Years              Cash Flow     Net Cash Flow     Cumulative    
Cash Flow
Discount Rate
@ 20 %
Discounted
Cash Flows
Year 0 (10026892) -10026892 - -
Year 1 3463607 -6563285 3463607 0.8333 2886339
Year 2 3964683 -2598602 7428290 0.6944 2753252
Year 3 3942234 1343632 11370524 0.5787 2281385
Year 4 3236435 4580067 14606959 0.4823 1560781
TOTAL 9481757


The Net NPV after 4 years is -545135

At 20% discount rate the NPV is negative (9481757 - 10026892 ) so ideally we can't select the project if macro and micro factors don't allow financial managers of Tf Thomson to discount cash flow at lower discount rates such as 15%.





Acceptance Criteria of a Project based on NPV

Simplest Approach – If the investment project of Tf Thomson has a NPV value higher than Zero then finance managers at Tf Thomson can ACCEPT the project, otherwise they can reject the project. This means that project will deliver higher returns over the period of time than any alternate investment strategy.

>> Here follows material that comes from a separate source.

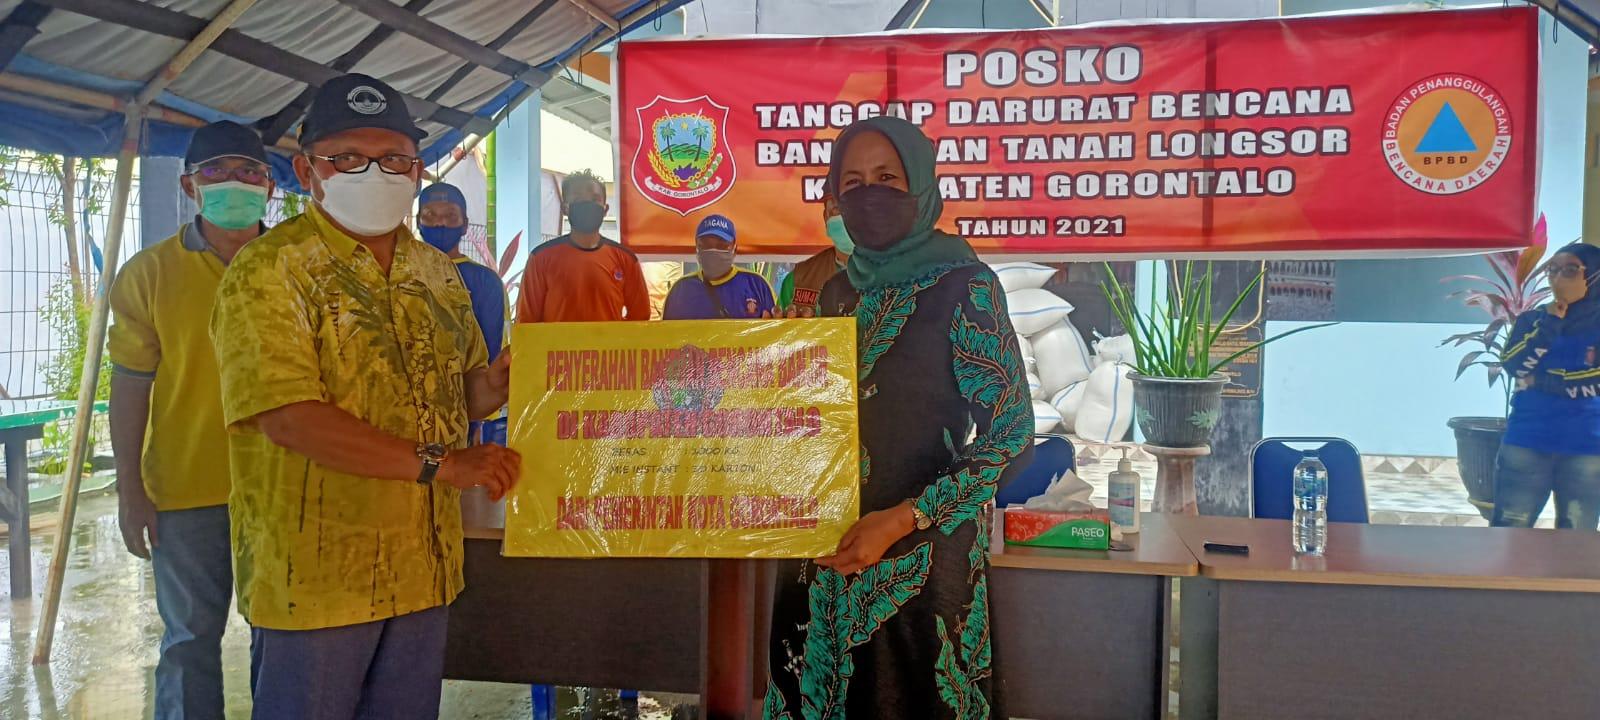 Pemkot Gorontalo Salurkan Bantuan Satu Ton Beras Untuk Korban Banjir di Kab. Gorontalo

In theory if the required rate of return or discount rate is chosen correctly by finance managers at Tf Thomson, then the stock price of the Tf Thomson should change by same amount of the NPV. In real world we know that share price also reflects various other factors that can be related to both macro and micro environment.

In the same vein – accepting the project with zero NPV should result in stagnant share price. Finance managers use discount rates as a measure of risk components in the project execution process.

Sensitivity Analysis

Project selection is often a far more complex decision than just choosing it based on the NPV number. Finance managers at Tf Thomson should conduct a sensitivity analysis to better understand not only the inherent risk of the projects but also how those risks can be either factored in or mitigated during the project execution. Sensitivity analysis helps in –

What are the uncertainties surrounding the project Initial Cash Outlay (ICO’s). ICO’s often have several different components such as land, machinery, building, and other equipment.

Understanding of risks involved in the project.

What will be a multi year spillover effect of various taxation regulations.

What are the key aspects of the projects that need to be monitored, refined, and retuned for continuous delivery of projected cash flows.

What can impact the cash flow of the project.

Some of the assumptions while using the Discounted Cash Flow Methods –

Projects are assumed to be Mutually Exclusive – This is seldom the came in modern day giant organizations where projects are often inter-related and rejecting a project solely based on NPV can result in sunk cost from a related project.

Independent projects have independent cash flows – As explained in the marketing project – though the project may look independent but in reality it is not as the brand awareness project can be closely associated with the spending on sales promotions and product specific advertising.






Negotiation Strategy of Thomson Financial: Building the Customer-Centric Firm

References & Further Readings

Robert C. Wolcott, Mohanbir Sawhney (2018), "Thomson Financial: Building the Customer-Centric Firm Harvard Business Review Case Study. Published by HBR Publications.